Prompt:
From the data underneath, reproduce exactly the stretch that begins at the line with "World Heroes - Nintendo" and ends after the line with "Fundacja Pomocy Dzieciom DAR SERCA".

----- Supplied data

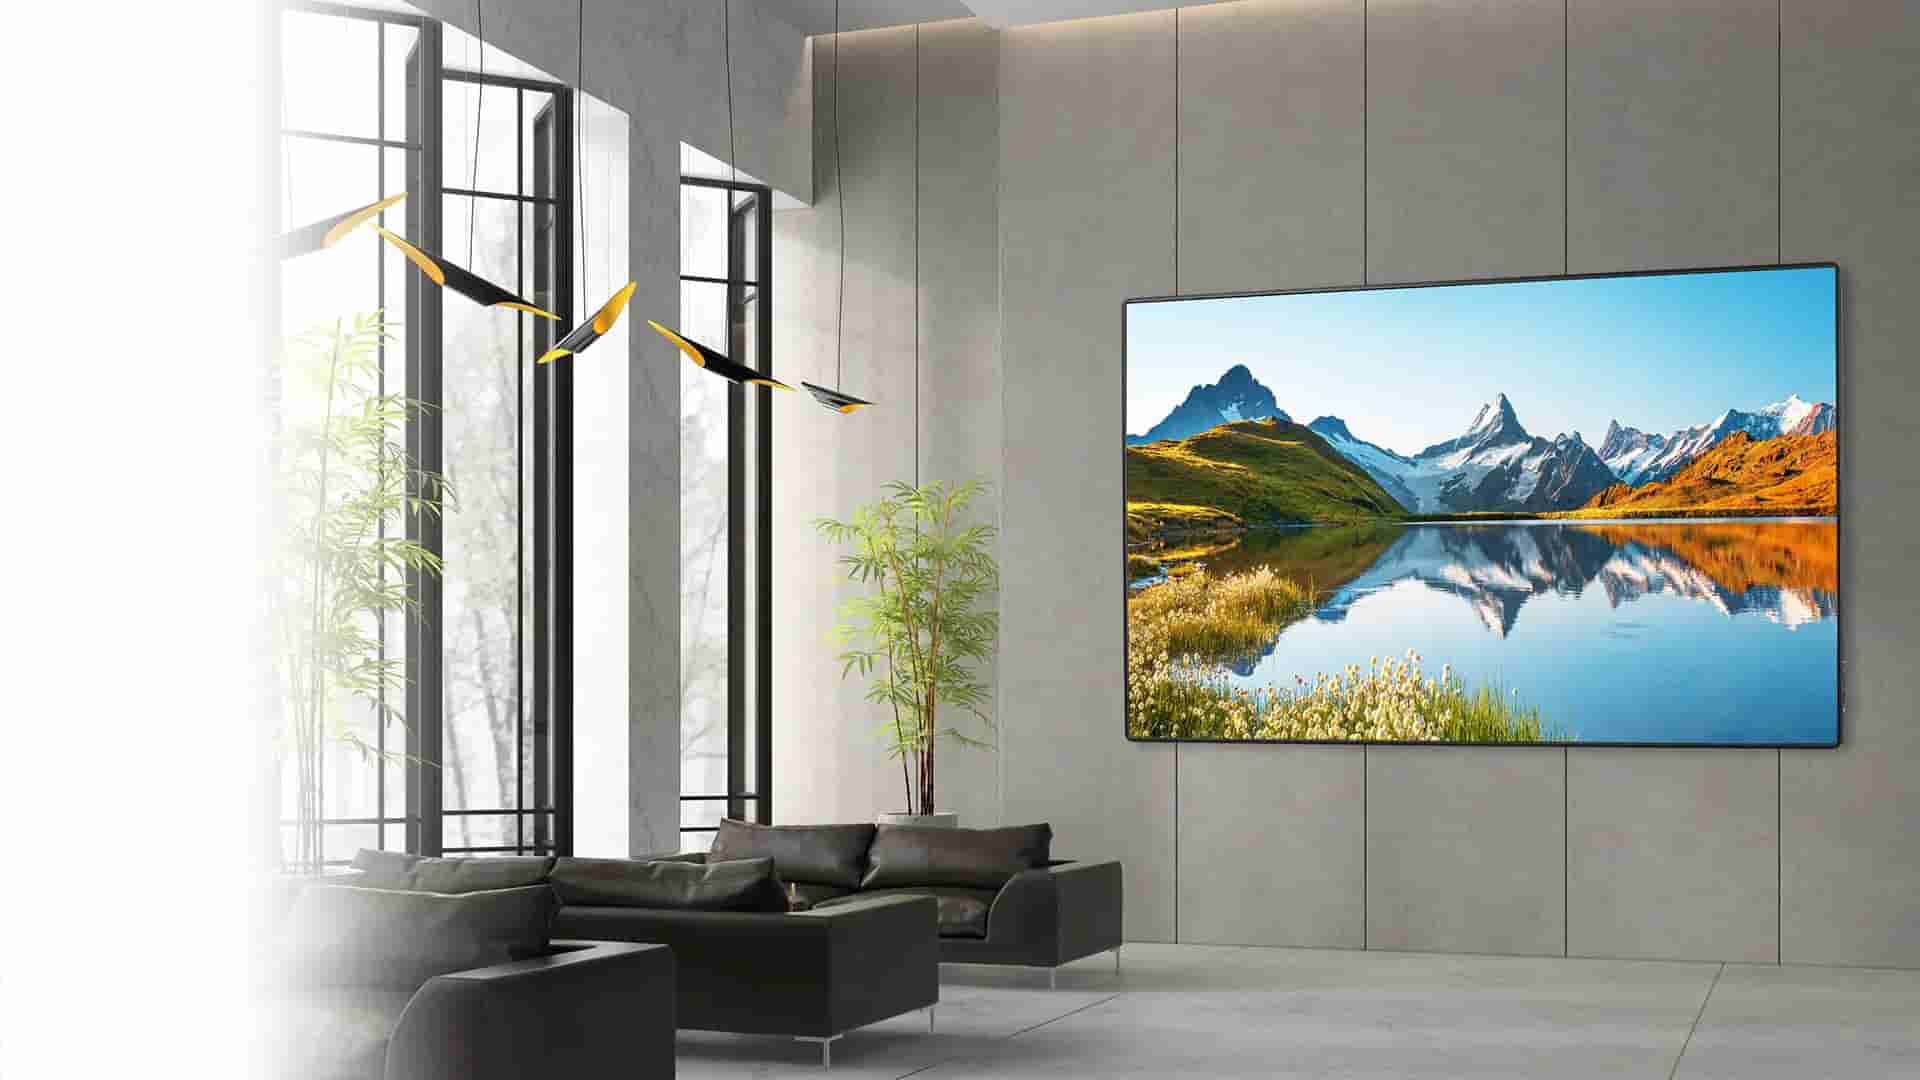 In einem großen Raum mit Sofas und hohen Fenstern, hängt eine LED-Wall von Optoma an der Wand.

----------
----- Supplied data

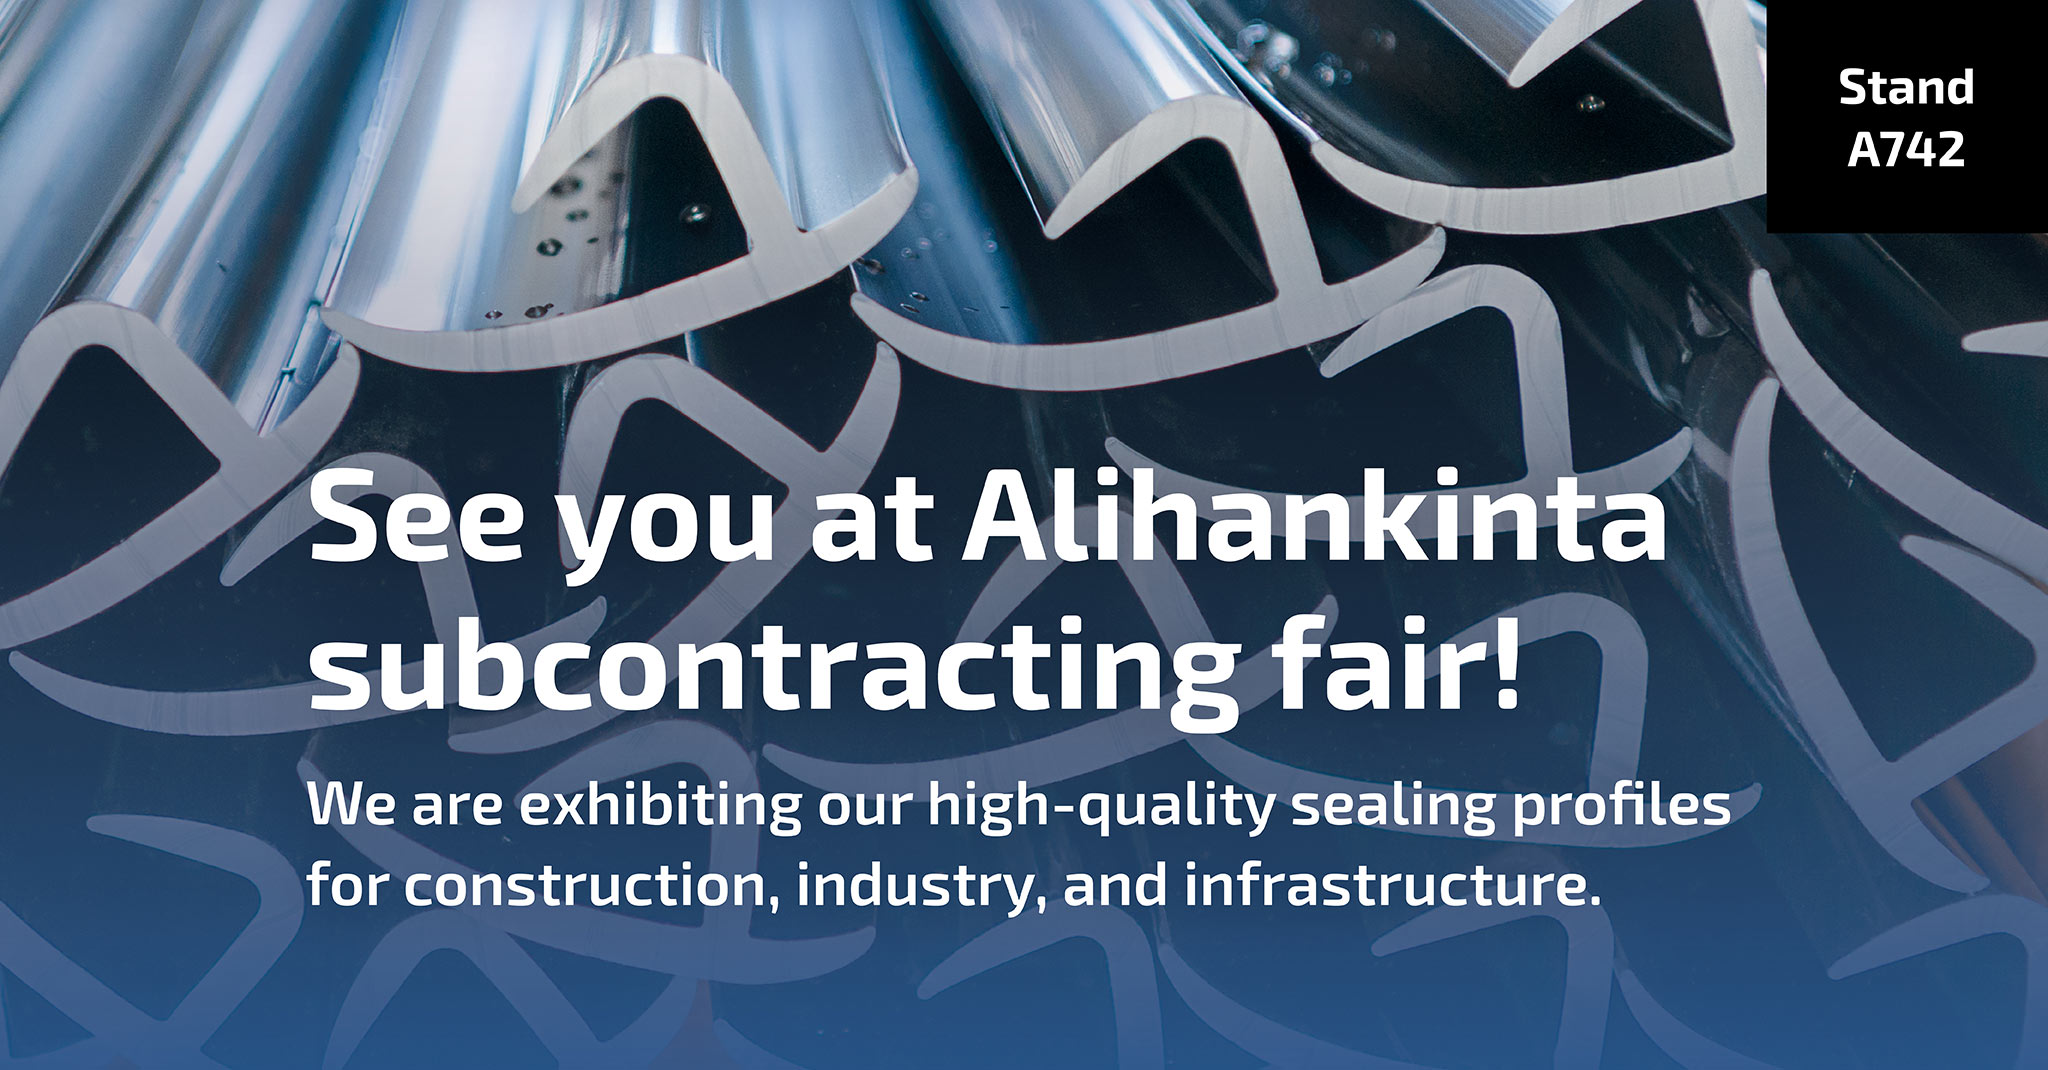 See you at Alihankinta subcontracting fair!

----------
----- Supplied data

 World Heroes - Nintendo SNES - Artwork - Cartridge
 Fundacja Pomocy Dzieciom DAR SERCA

----------

Task output:
 World Heroes - Nintendo SNES - Artwork - Cartridge
 Fundacja Pomocy Dzieciom DAR SERCA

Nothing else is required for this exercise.